Video Transcript
Simplify the function 𝑛 of 𝑥 equals 𝑥 squared minus 121 over 𝑥 to the fourth power minus 11𝑥 cubed and determine its domain.
Now when looking to simplify a rational function, that is a function that’s the quotient of a pair of polynomials, we need to determine the domain before we simplify. So let’s begin by finding the domain of 𝑛 of 𝑥. We recall that the domain of a function is the set of possible inputs to that function. And when dealing with a rational function, we need to be really careful with our denominator. We need to make sure we exclude any values of 𝑥 that make the denominator equal to zero.

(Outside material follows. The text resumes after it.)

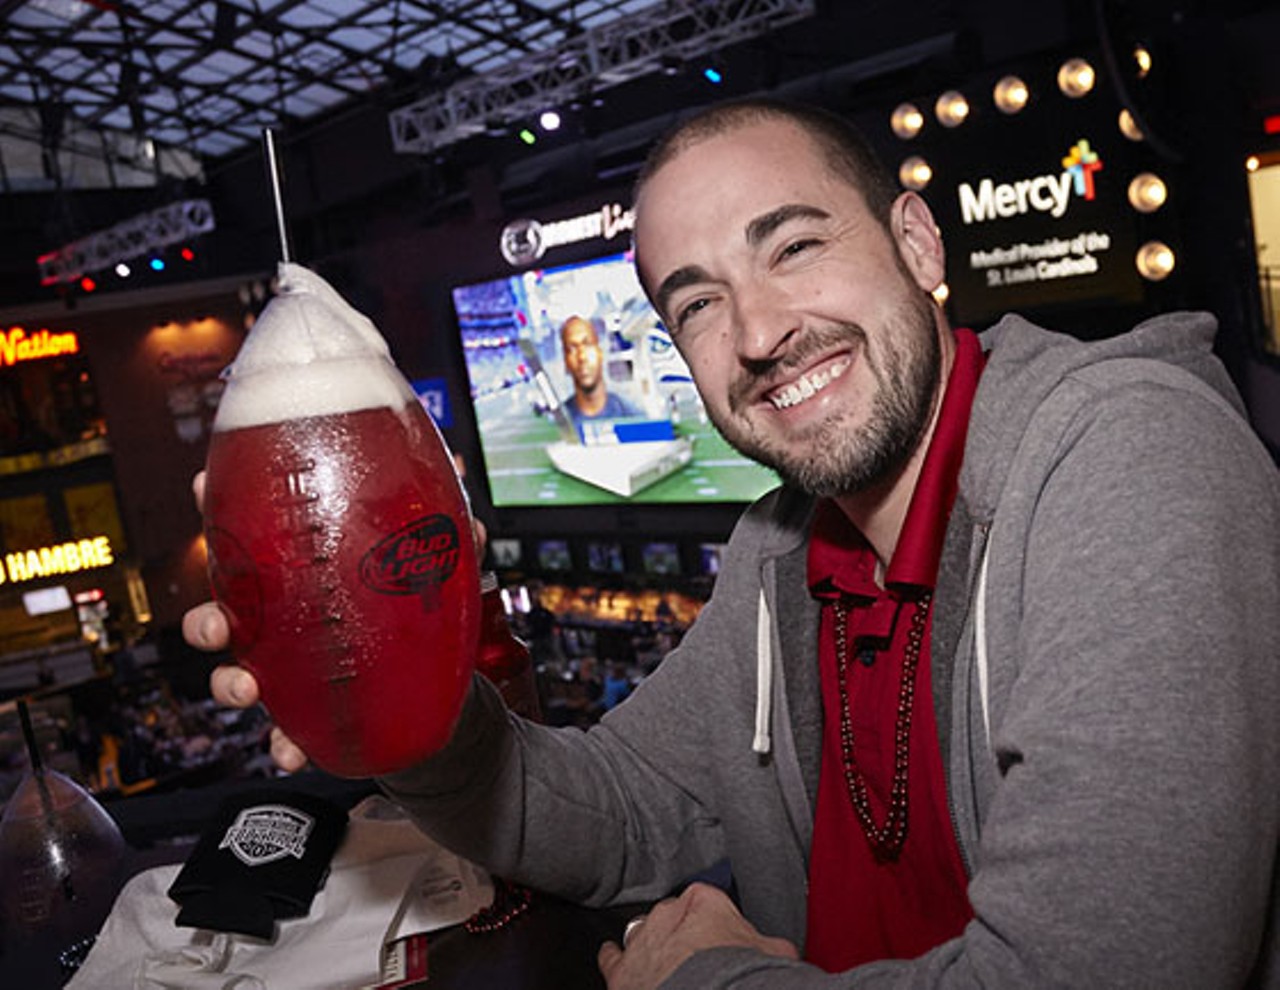 Kyle Sutherland shows RFT how you drink for the Superbowl. In a football, duh.

So to find the values of 𝑥 that we’re going to disregard from the domain of the function, we’re going to find the values of 𝑥 that do make the denominator equal to zero. In other words, which values of 𝑥 satisfy the equation 𝑥 to the fourth power minus 11𝑥 cubed equals zero? To solve this equation, we need to factor the left-hand side. And if we inspect the terms on the left-hand side, we notice that they have a shared factor of 𝑥 cubed. So 𝑥 to the fourth power minus 11𝑥 cubed can be written as 𝑥 cubed times 𝑥 minus 11. This, of course, is equal to zero. And so, for the product of two expressions to be equal to zero, we know that either one or other of those expressions must itself be equal to zero. In other words, 𝑥 cubed is equal to zero or 𝑥 minus 11 equals zero.
The solution to this first equation is simply 𝑥 equals zero. If 𝑥 is zero, 𝑥 cubed must also be zero. Then we solve the second equation by adding 11 to both sides, giving us 𝑥 equals 11. Otherwise, since the function is the quotient of a pair of polynomials and the domain of polynomial functions is the set of real numbers, we know that the domain of 𝑛 of 𝑥 is the set of real numbers not including these values of 𝑥, not including the set containing the elements zero, 11.
So now we have the domain of our function, let’s see how to simplify it. To simplify a rational expression, we need to look for common factors in the numerator and denominator. And the quickest way to spot these is to factor both parts. Now, in fact, we already factored the denominator. And we got 𝑥 cubed times 𝑥 minus 11. So how do we factor the numerator, 𝑥 squared minus 121? Well, an important fact here is to notice that 121 is a square number; it’s 11 squared. And so our numerator can be represented using the difference of squares. It can be written as 𝑥 plus 11 times 𝑥 minus 11. And this means we can rewrite 𝑛 of 𝑥 as 𝑥 plus 11 times 𝑥 minus 11 over 𝑥 cubed times 𝑥 minus 11.
And now we might notice we have a common factor of 𝑥 minus 11. 𝑥 minus 11 divided by 𝑥 minus 11 will be equal to one, as long as 𝑥 is not equal to 11. But remember, we said that 𝑥 equals 11 is excluded from the domain of our function. So 𝑥 minus 11 divided by 𝑥 minus 11 will never give us zero divided by zero, which is undefined. And so we’re left with 𝑥 plus 11 on the numerator and 𝑥 cubed on the denominator.
And so we’ve completed the question. The function 𝑛 of 𝑥 simplifies to 𝑥 plus 11 over 𝑥 cubed, and the domain of this function is the set of real numbers not including the set containing the elements zero and 11.